[Source records]:
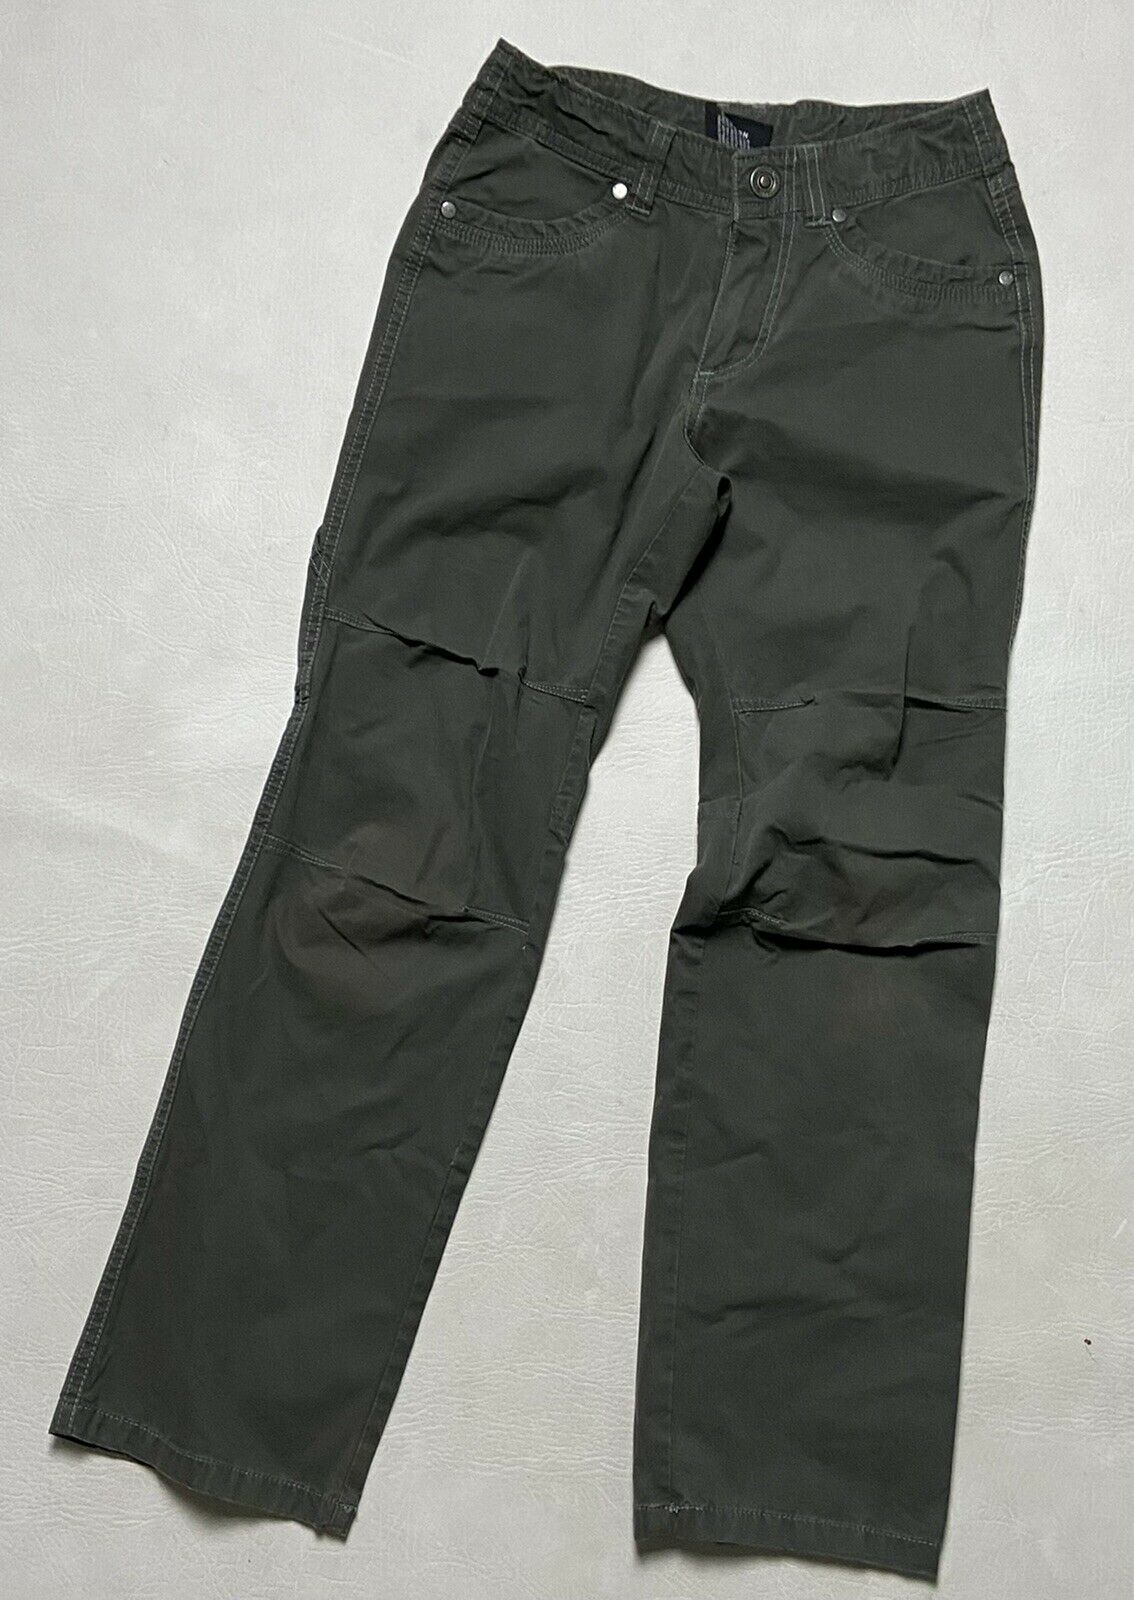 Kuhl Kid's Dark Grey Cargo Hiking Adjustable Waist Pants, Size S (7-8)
* * *
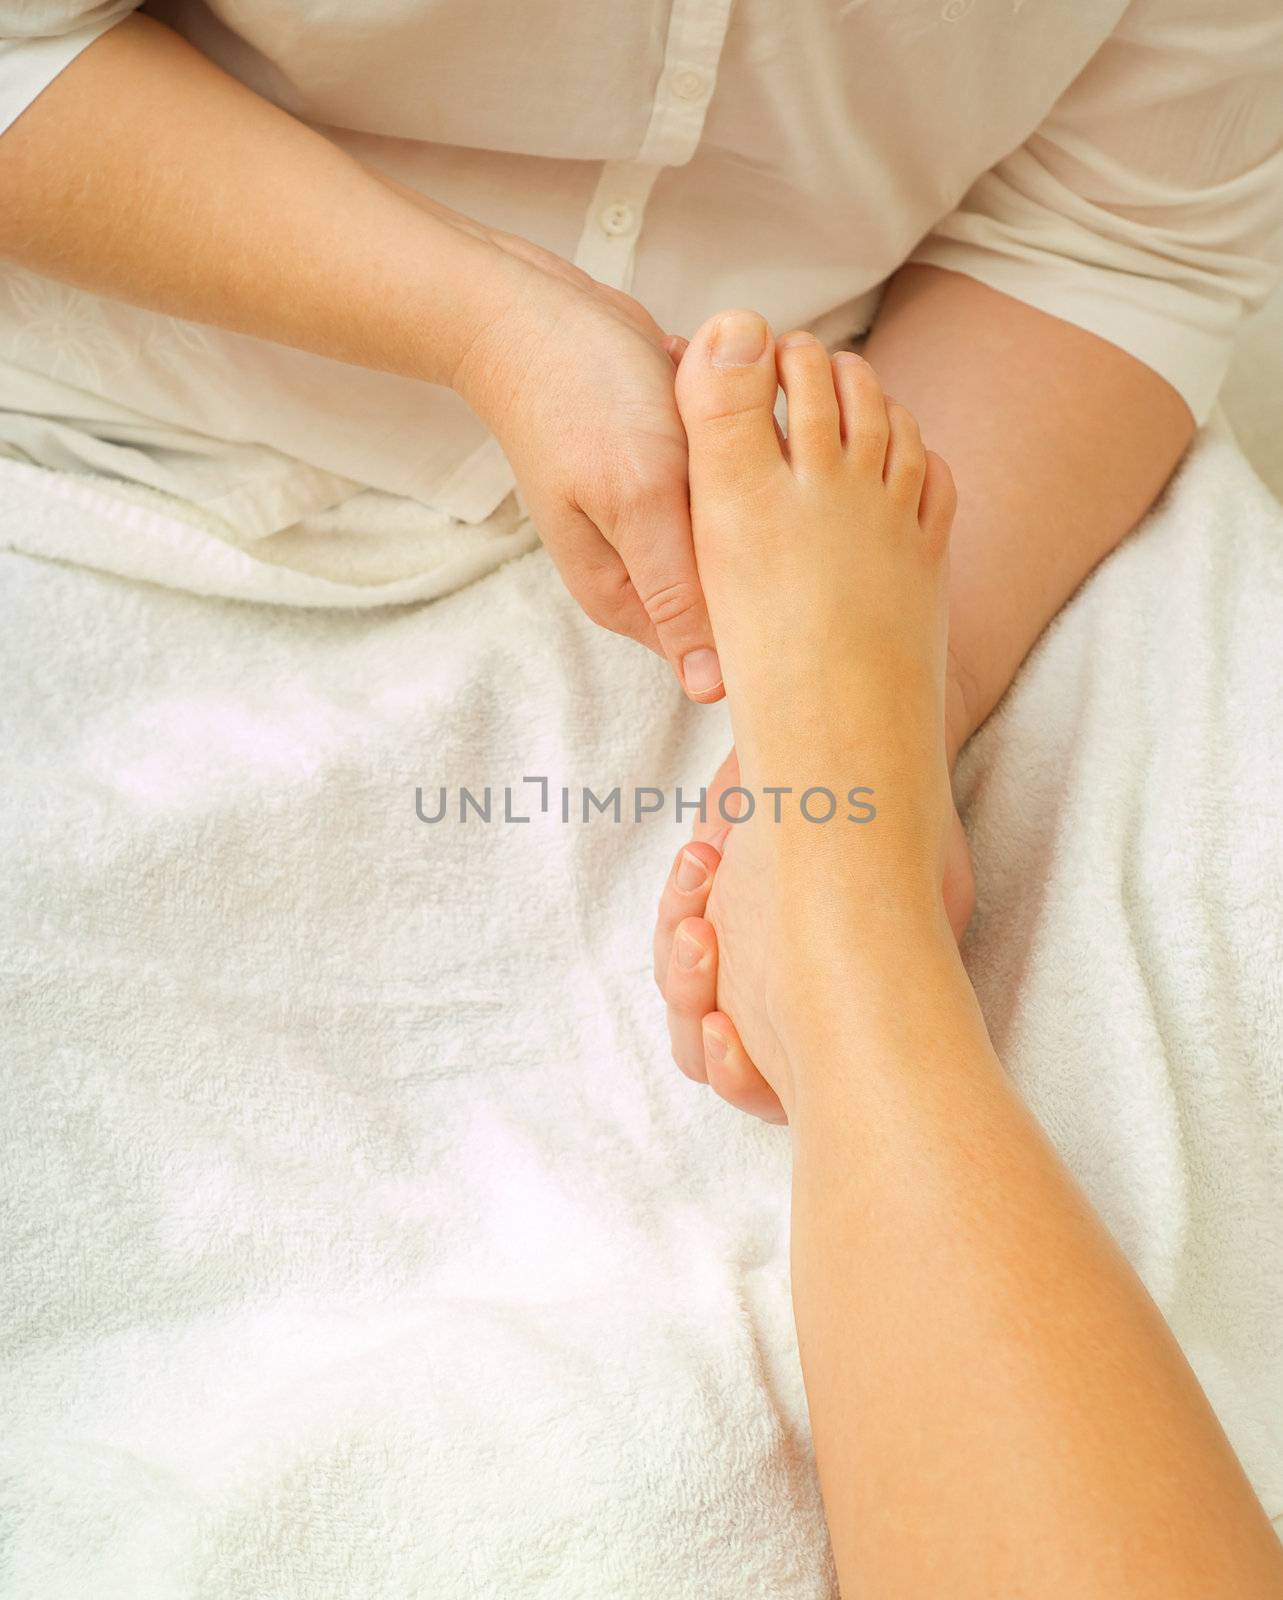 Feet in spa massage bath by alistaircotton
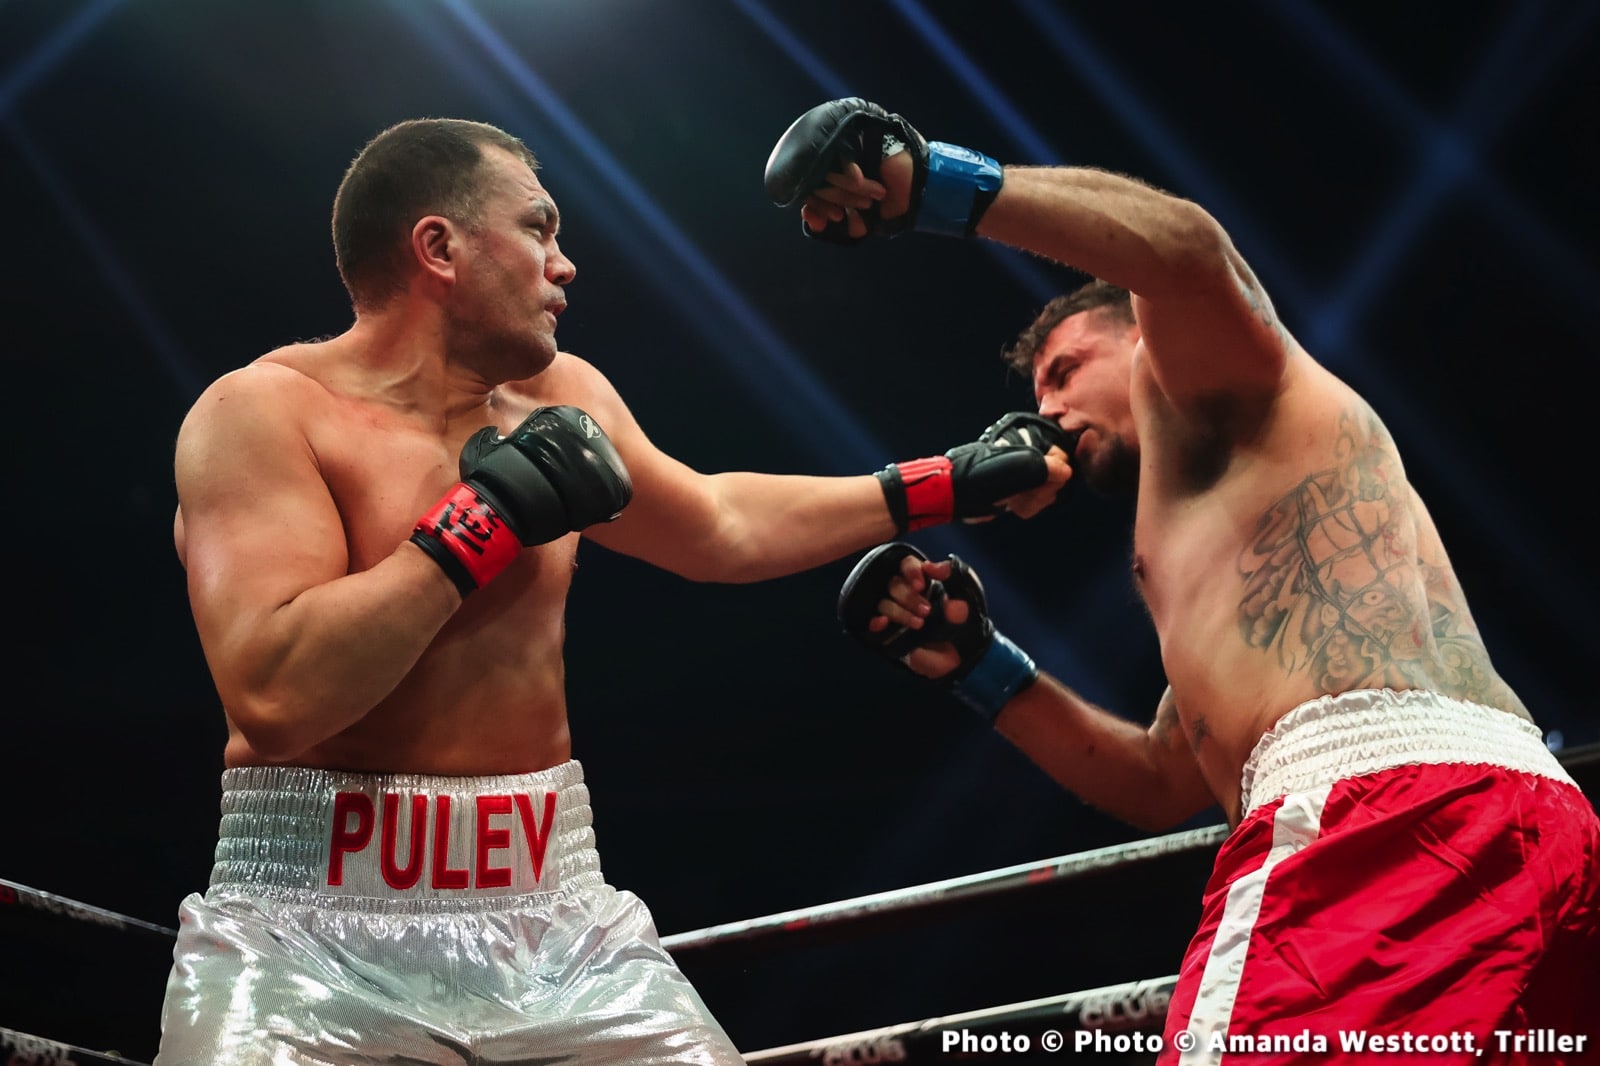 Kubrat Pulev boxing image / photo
...
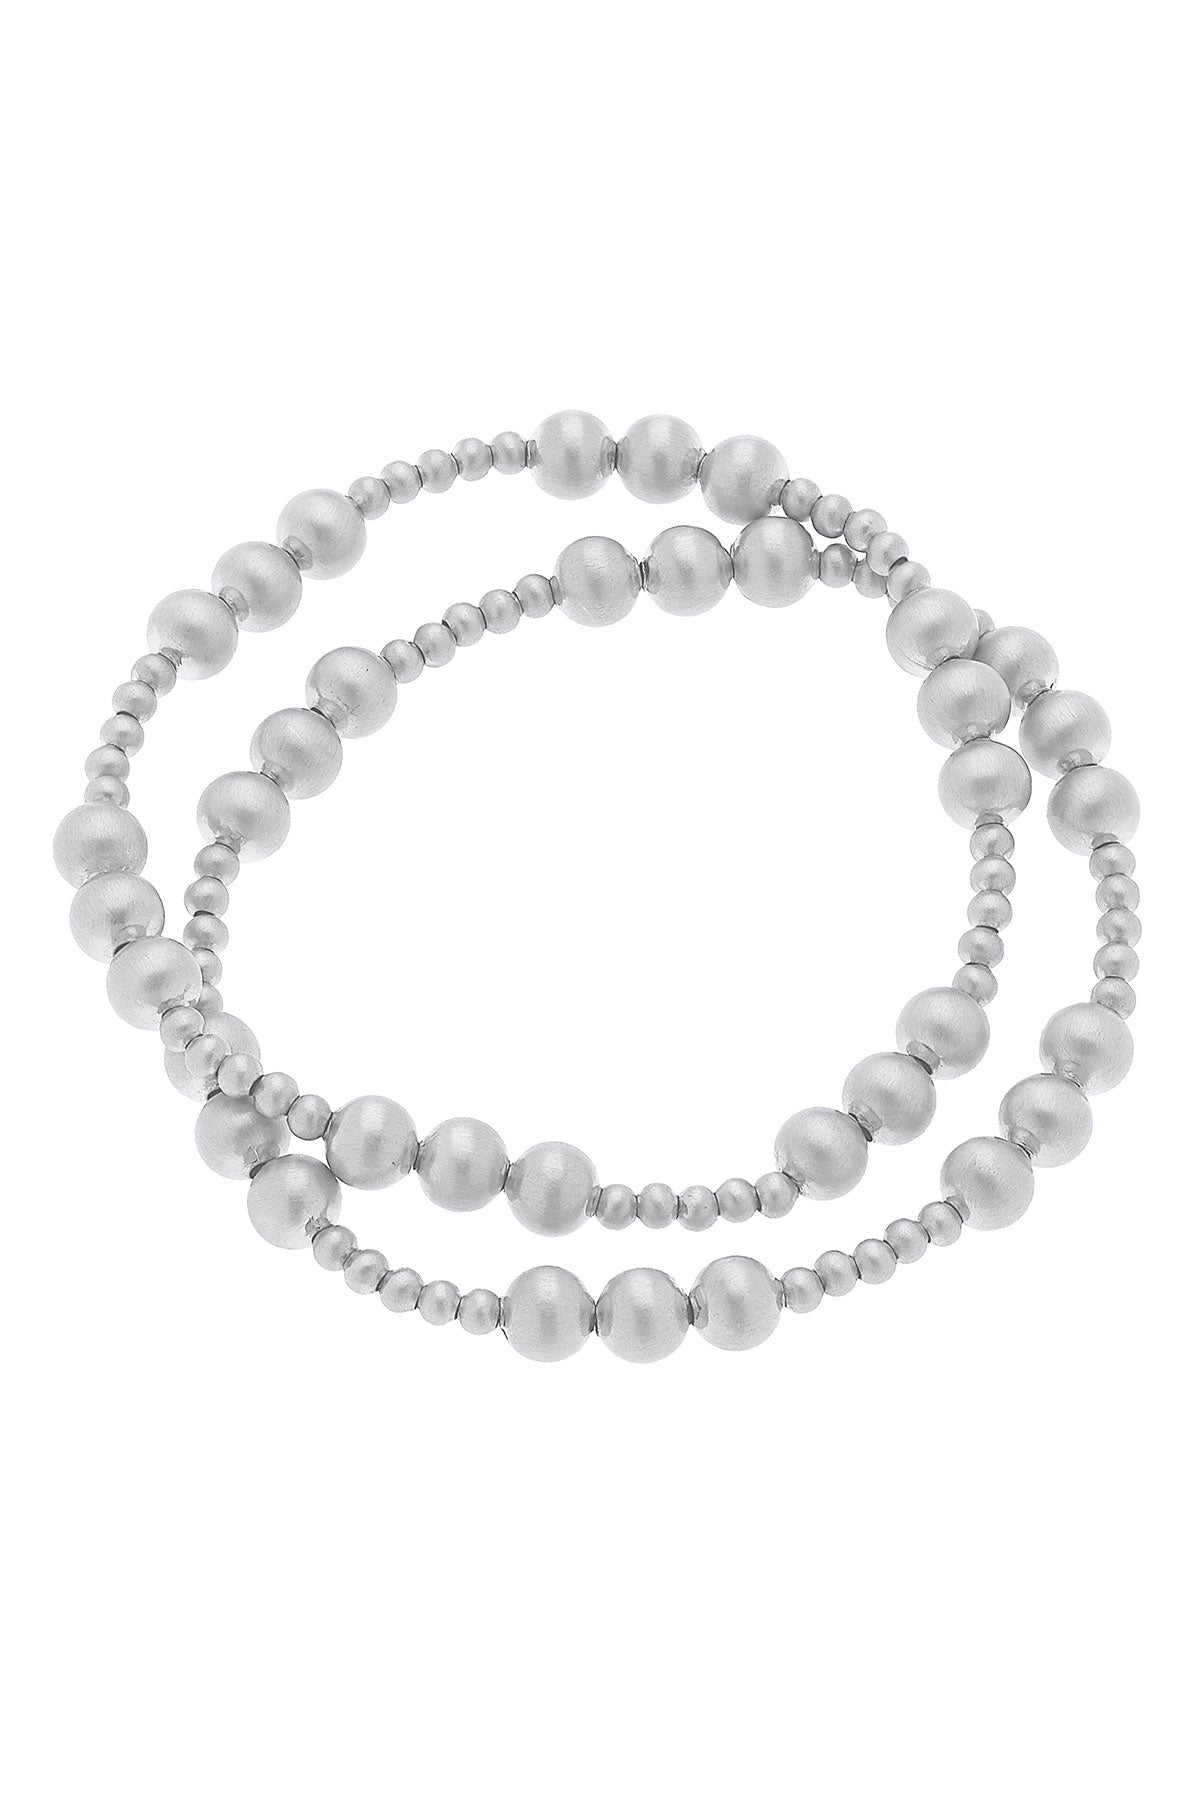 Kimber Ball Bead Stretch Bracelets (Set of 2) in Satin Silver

[What this task involves]:
Using the data above, return the lines from the one holding "Feet in spa massage bath by alistaircotton" through the one holding "Kubrat Pulev boxing image / photo" exactly, but not the pictures.

[Result of this exercise]:
 Feet in spa massage bath by alistaircotton
 Kubrat Pulev boxing image / photo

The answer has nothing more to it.